Veenstra noted that if studies show clinicians can't get test results in a timely manner, then it is likely to impact a payor's assessment of a companion test's value. But implementing preemptive testing too broadly and testing those who don't need it could also hurt the value assessment. In the future, broader adoption of much cheaper, next-generation panels could be a paradigm shift for the market, Veenstra observed, but for now, most payors haven't been very receptive to such platforms.
"We're hopeful this can help payors understand how indirect evidence can be useful, as well as help the manufacturers recognize … what's the framework for presenting data to payors in a way that helps them understand its value," Veenstra explained. "We're really just trying to get that conversation going."
Veenstra and colleagues are hoping that industry stakeholders, including healthcare decision makers, payors, drug and testing shops, will begin using the CDx tool. They plan to promote the tool through the National Pharmaceutical Council and University of Washington's communications and alliance development resources. They will also spread the word about the assessment tool to PMC's membership.

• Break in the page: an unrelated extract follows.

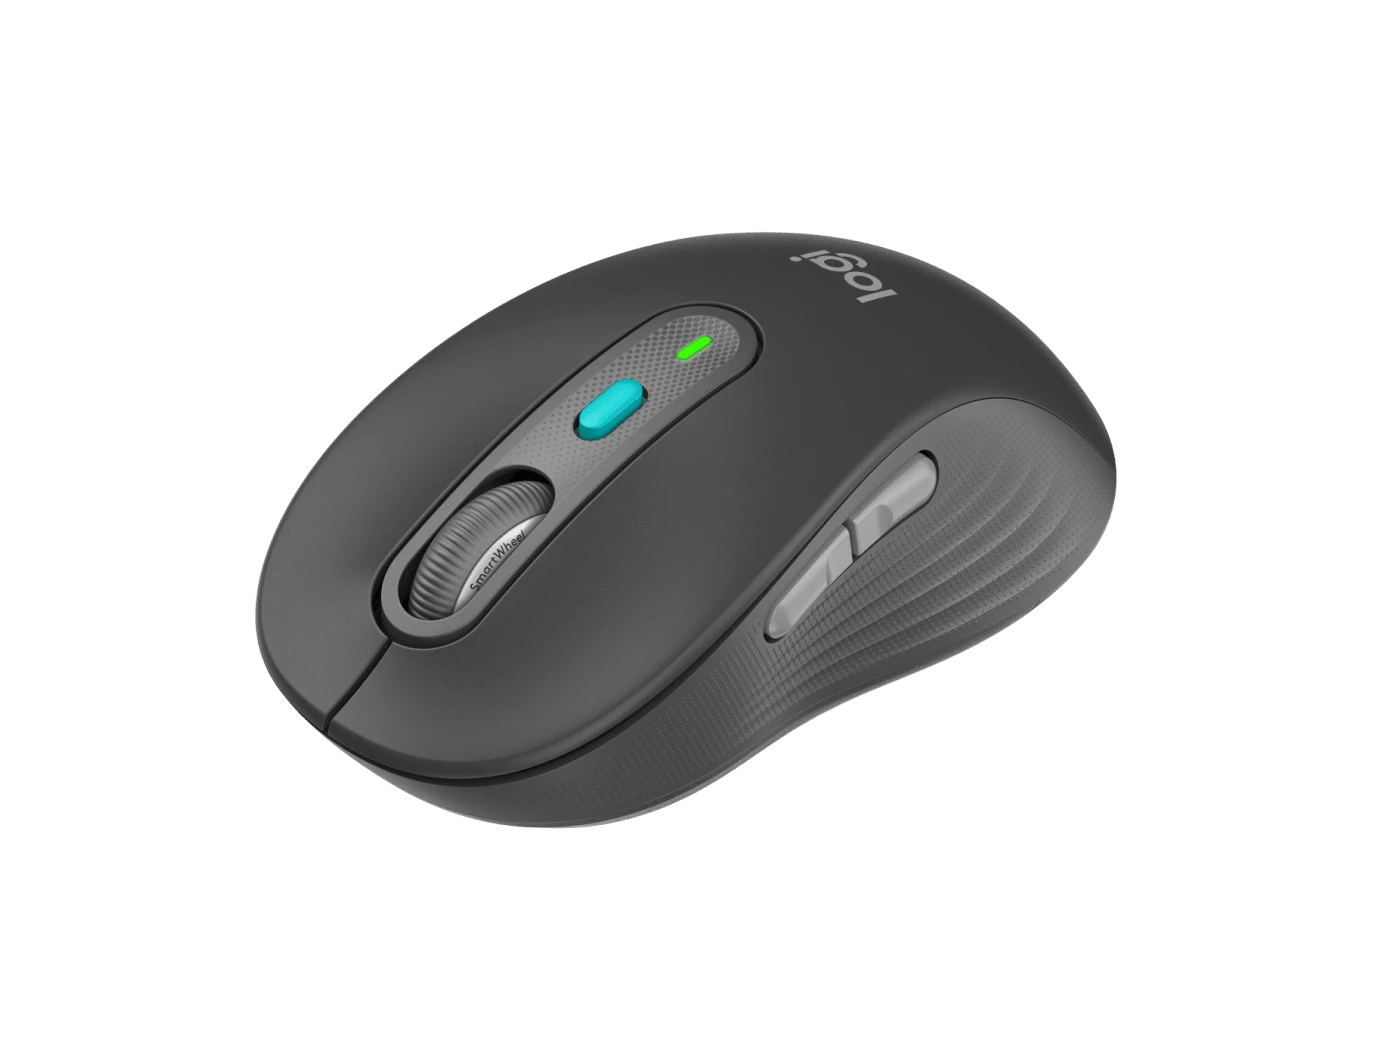 Logitech випустила бездротову мишу з кнопкою для виклику ШІ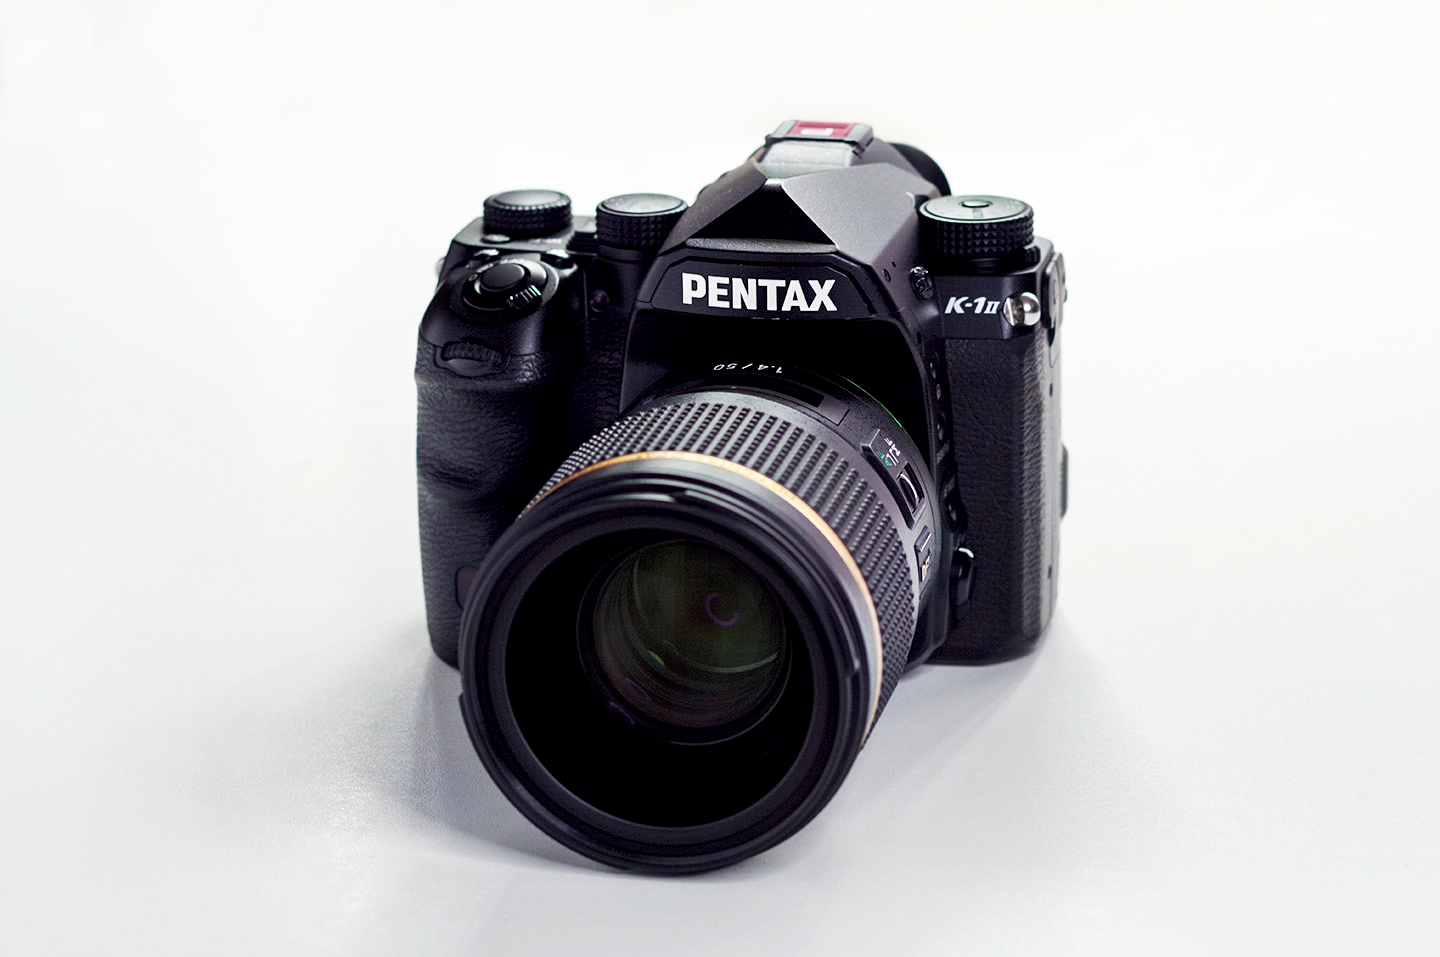 HD PENTAX-D FA★50mmF1.4 SDM AW 大口径単焦点レンズ 21260 - 5

"We are already getting very positive feedback from Dx developers and clinical and health economics researchers on the tool," Daryl Pritchard, an author on the paper and PMC's VP of science policy, told GenomeWeb. He acknowledged, though, that getting payors to actually use the tool "is a harder nut to crack."
The researchers used interviews with payors to improve the CDx assessment framework, and these stakeholders "ultimately had a favorable opinion of the tool," Pritchard noted. Veenstra further added that the AMCP may include the CDx assessment tool as part of the resources it provides to support clinical and health economic decision making.